# [GIVEN DATA]
━━━━━━━━━━━━━━━━

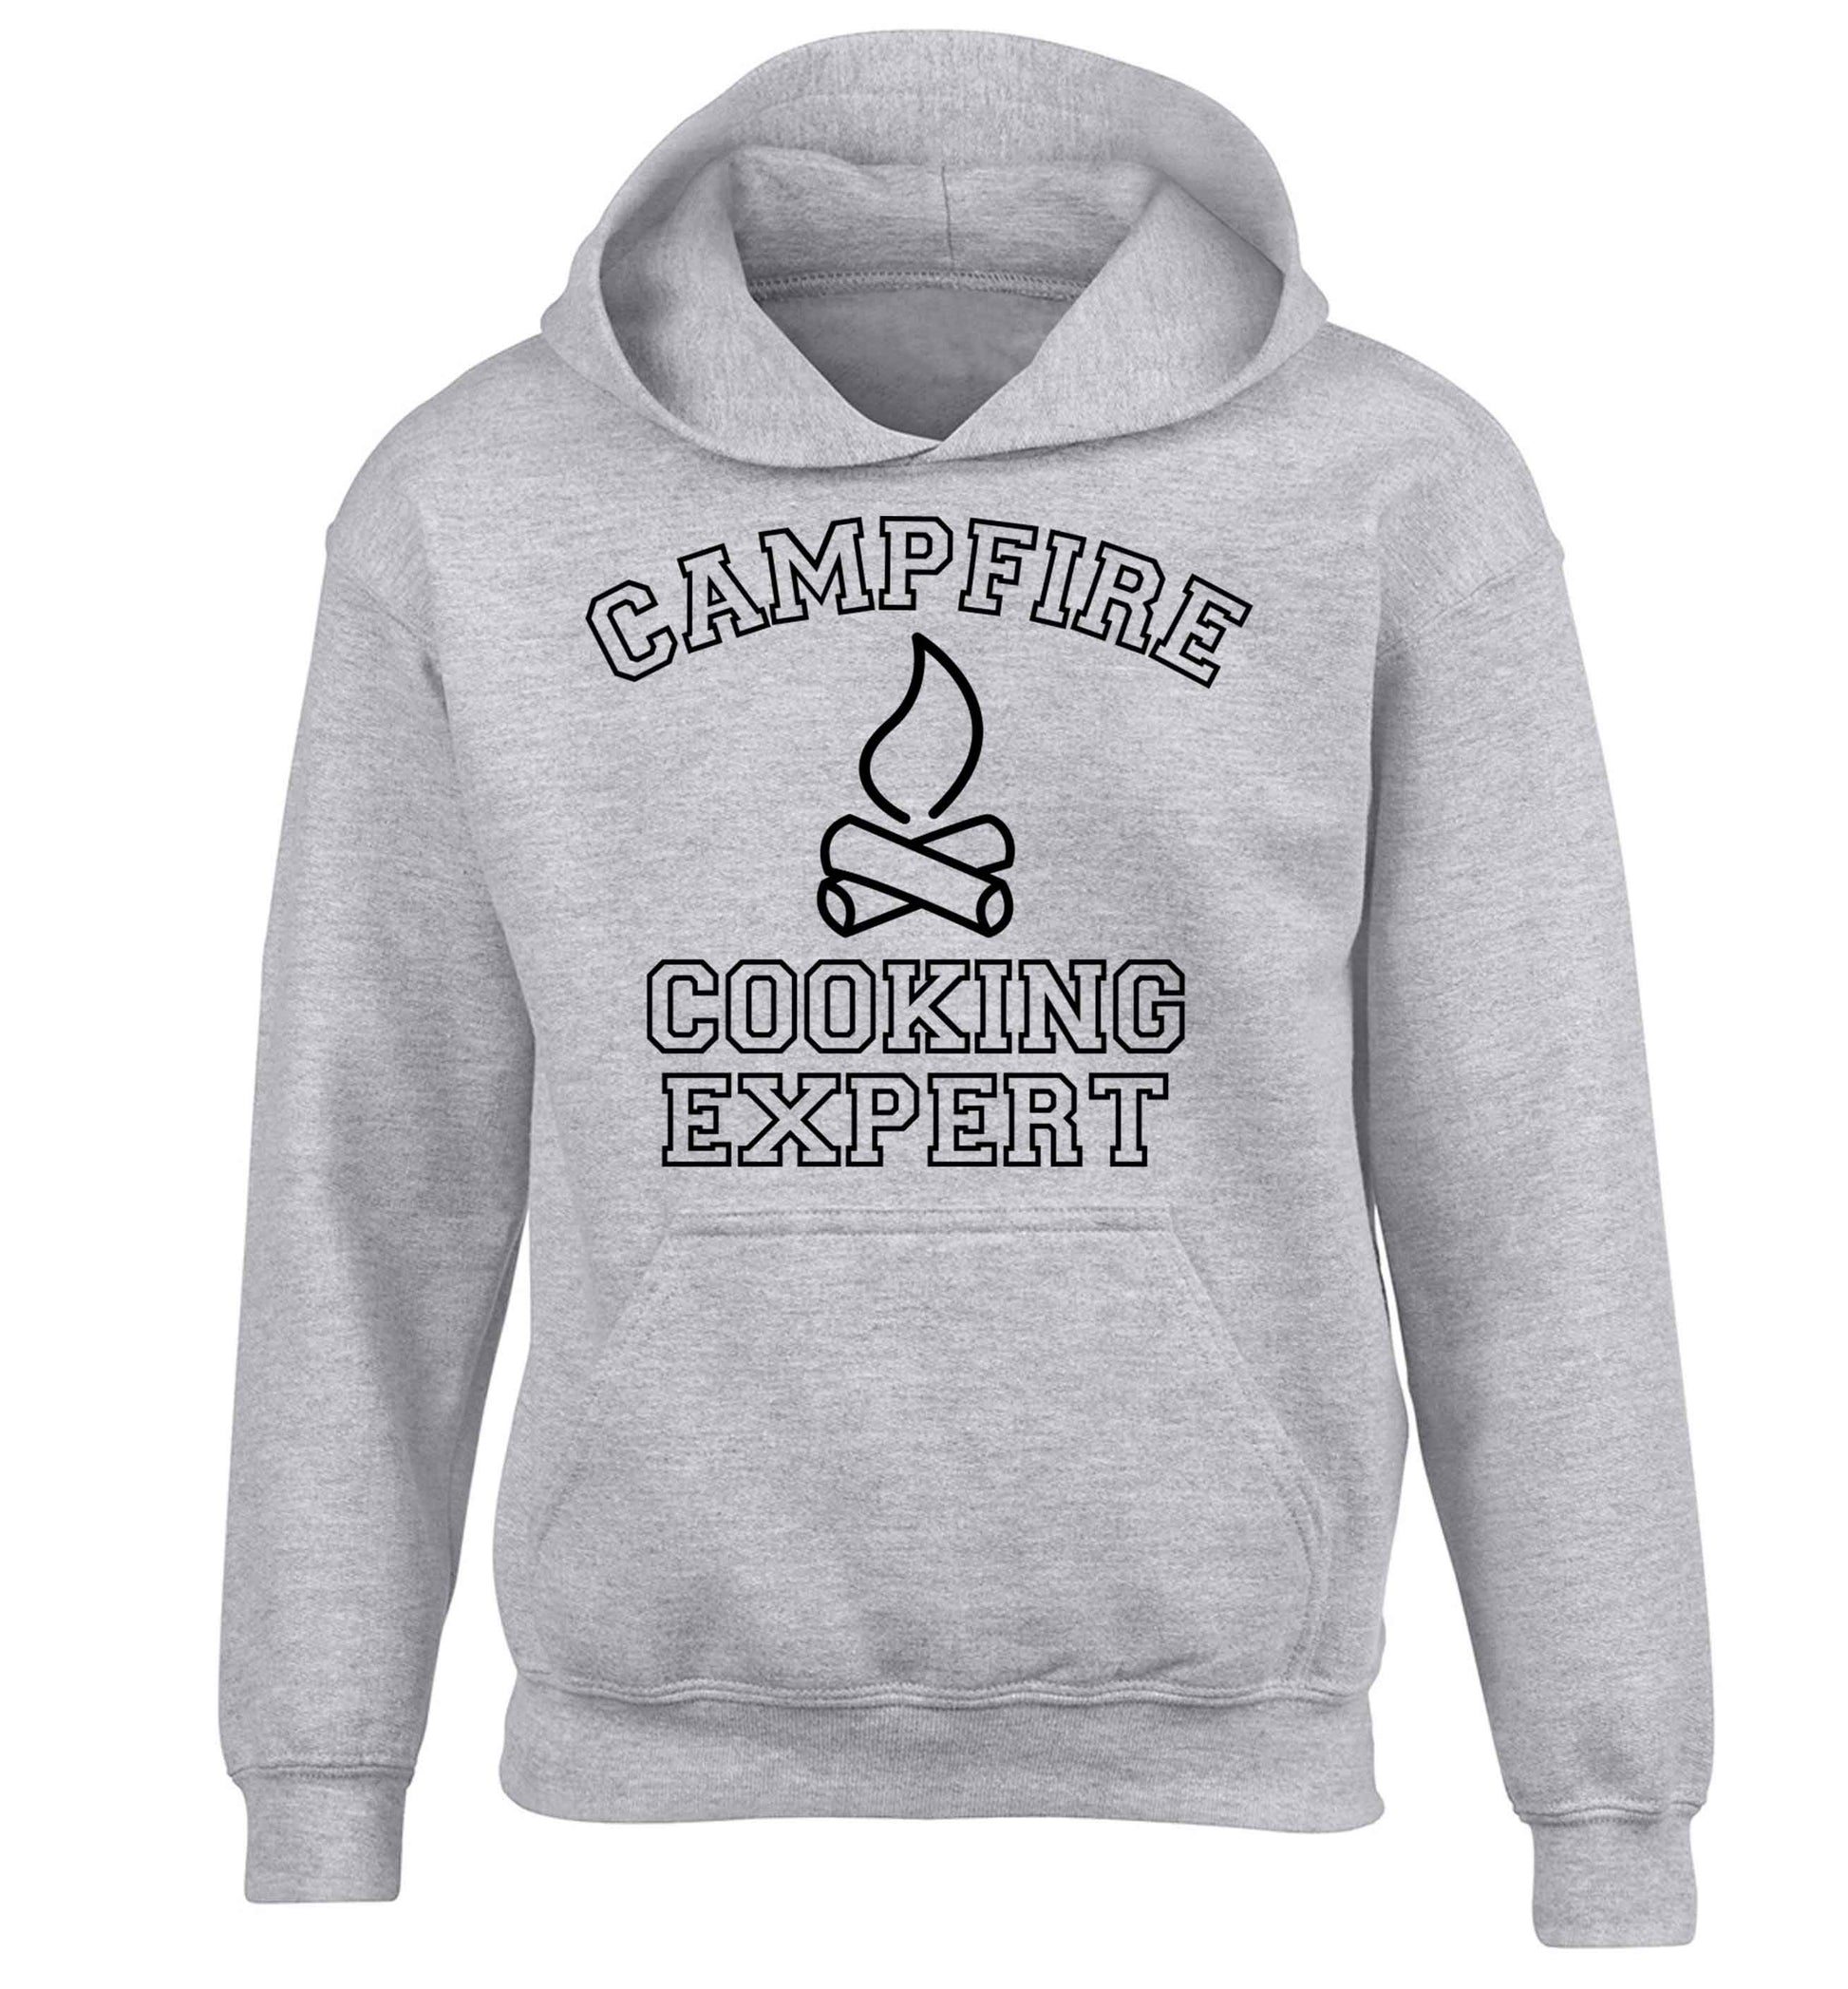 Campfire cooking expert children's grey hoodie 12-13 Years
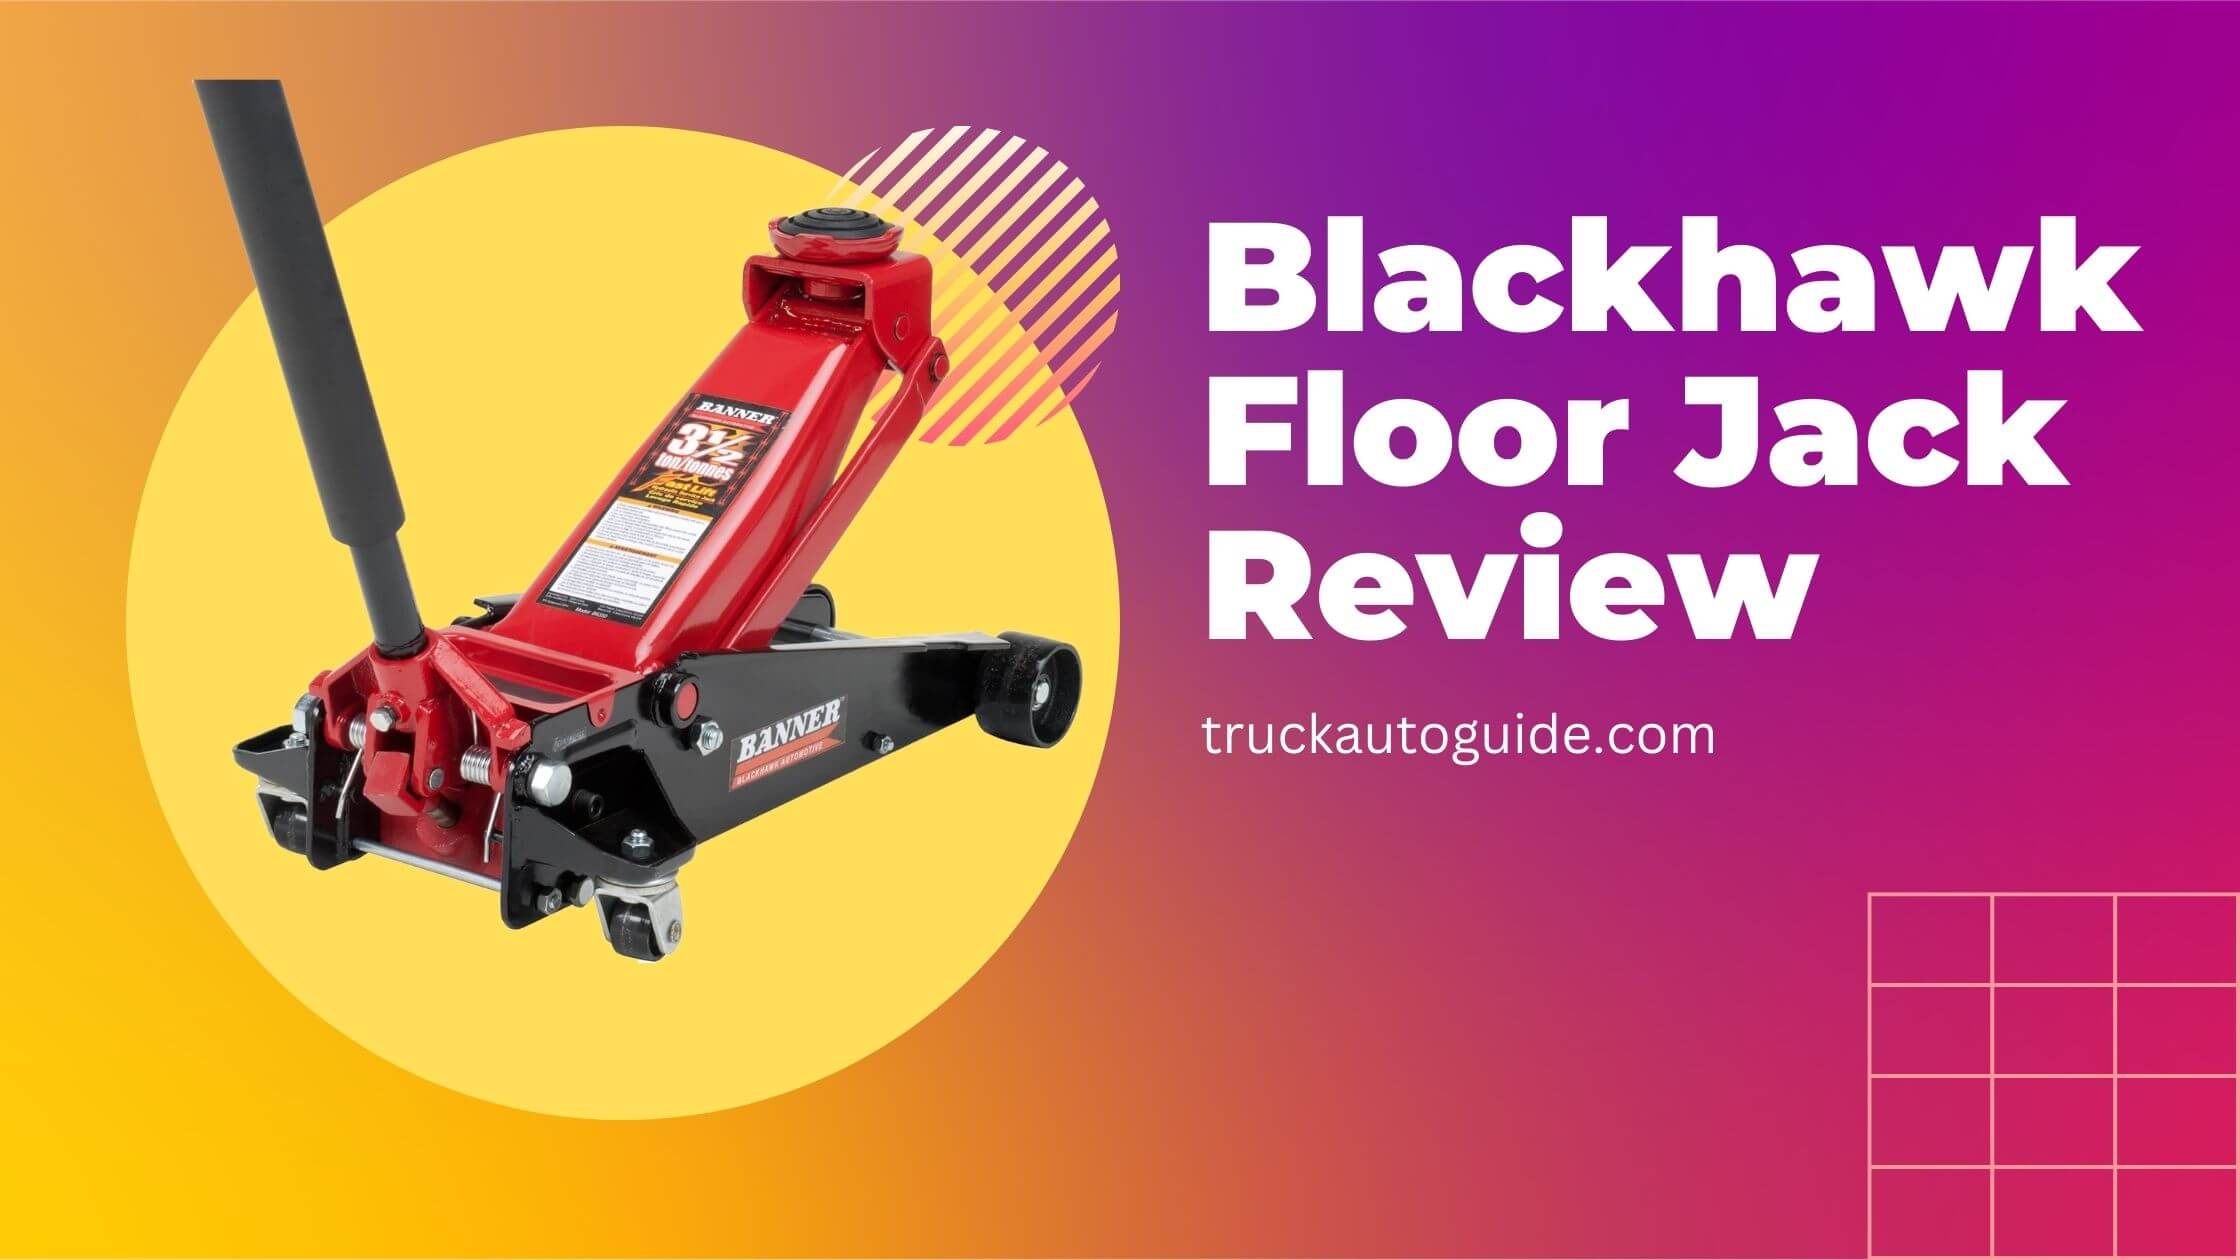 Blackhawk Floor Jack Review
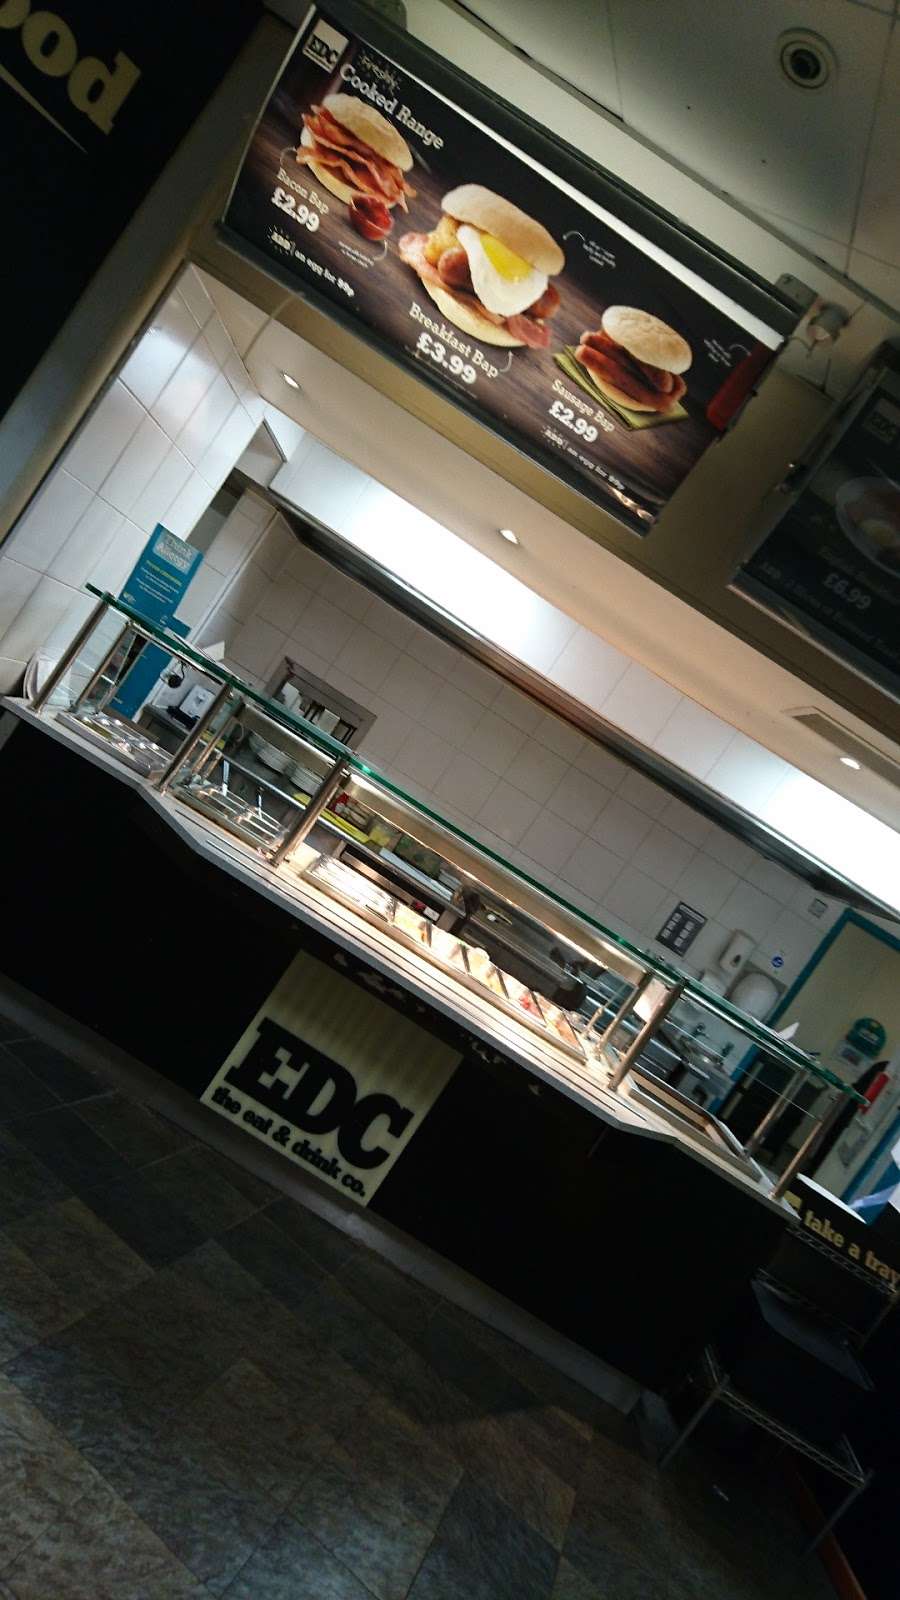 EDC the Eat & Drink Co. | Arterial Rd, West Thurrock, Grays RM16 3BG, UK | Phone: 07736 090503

━━━━━━━━━━━━━━━━

# [PROBLEM TO WORK ON]
Write the listing out in full, exactly; no images.

# [ANSWER BOX]
 Campfire cooking expert children's grey hoodie 12-13 Years
 Blackhawk Floor Jack Review
 EDC the Eat & Drink Co. | Arterial Rd, West Thurrock, Grays RM16 3BG, UK | Phone: 07736 090503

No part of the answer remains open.